One reason I like these ideas is that they're not entirely politically correct, and I don't like political correctness.

  1. In a family argument, if it turns out you are right - apologize at once.
  2. Another ingredient for a happy marriage: Budget the luxuries first.
  3. Be wary of strong drink. It can make you shoot at tax collectors - and miss.
  4. Waking a person unnecessarily should not be considered a capital crime. For a first offence, that is.
  5. A man does not insist on physical beauty in a woman who builds up his morale. After a while he realizes that she is beautiful - he just hadn't noticed it at first.

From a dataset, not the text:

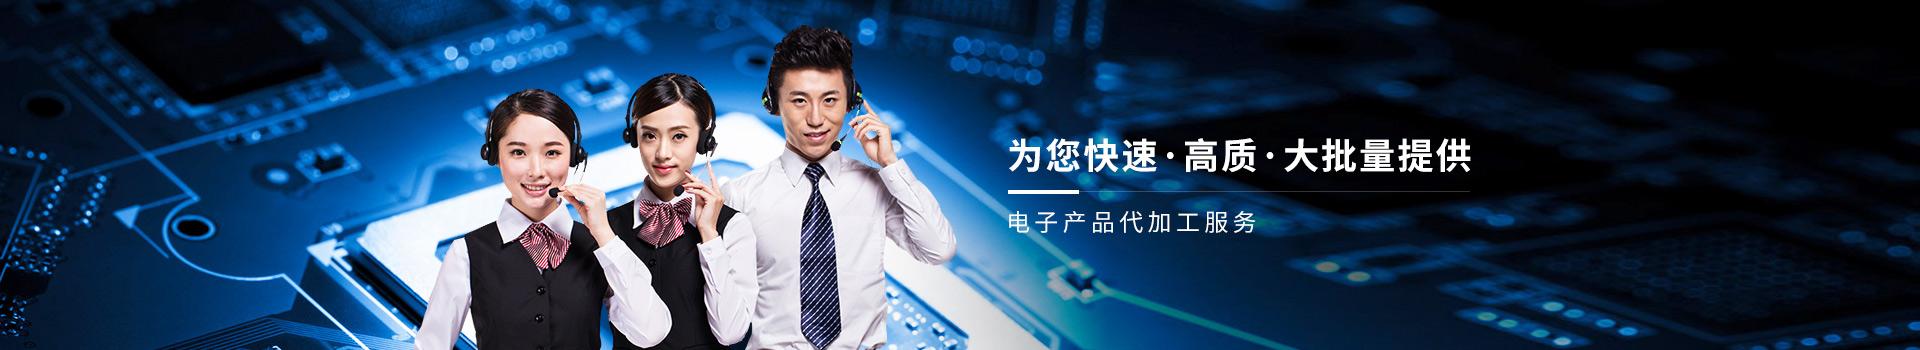 梧集电子,为您快速、高质、大批量提供电子产品代加工服务

  6. I came, I saw, she conquered. (The original Latin seems to have been garbled.) This one reminds me of why the English were beaten by the Romans. When they heard Veni, vidi, vichi, they thought they had just been classified as weenie, weedy and weaky, so they all ran away.
  7. Being generous is inborn; being altruistic is a learned perversity. No resemblance - Beware of altruism. It is based on self-deception, the root of all evil.
  8. Taxes are not levied for the benefit of the taxed.
  9. In a mature society, "civil servant" is semantically equal to "civil master."
  10. Delusions are often functional. A mother's opinions about her children's beauty, intelligence, goodness, etc ad nauseam, heep her from drowning them at birth. (I like Heanlein's method for bringing up boys. Keep them in a barrel and feed them through the bunghole. When they reach their teens, drive in the bung.
  11. Always listen to experts. They'll tell you what can't be done, and why. Then do it. My brother and I have found this to be almost too true to be worth repeating.
  12. The more you love, the more you can love - and the more intensely you love. Nor is there any limit on how many you can love. If a person had time enough, he could love all of that majority who are decent and just.
  13. Dear, don't bore him with trivia or burden him with your past mistakes. The happiest way to deal with a man is never to tell him anything he does not need to know.
  14. Whenever women have insisted on absolute equality with men, they have invariably wound up with the dirty end of the stick. What they are and what they can do makes them superior to men, and their proper tactic is to demand special privileges, all the traffic will bear. They should never settle merely for equality. For women, equality is a disaster.

On second thoughts, the advice for family arguments wouldn't work for me. Each time I win an argument, my wife puts her fingers in her ears and screams "shut up...shut up...shut up..." so she couldn't hear if I apologized.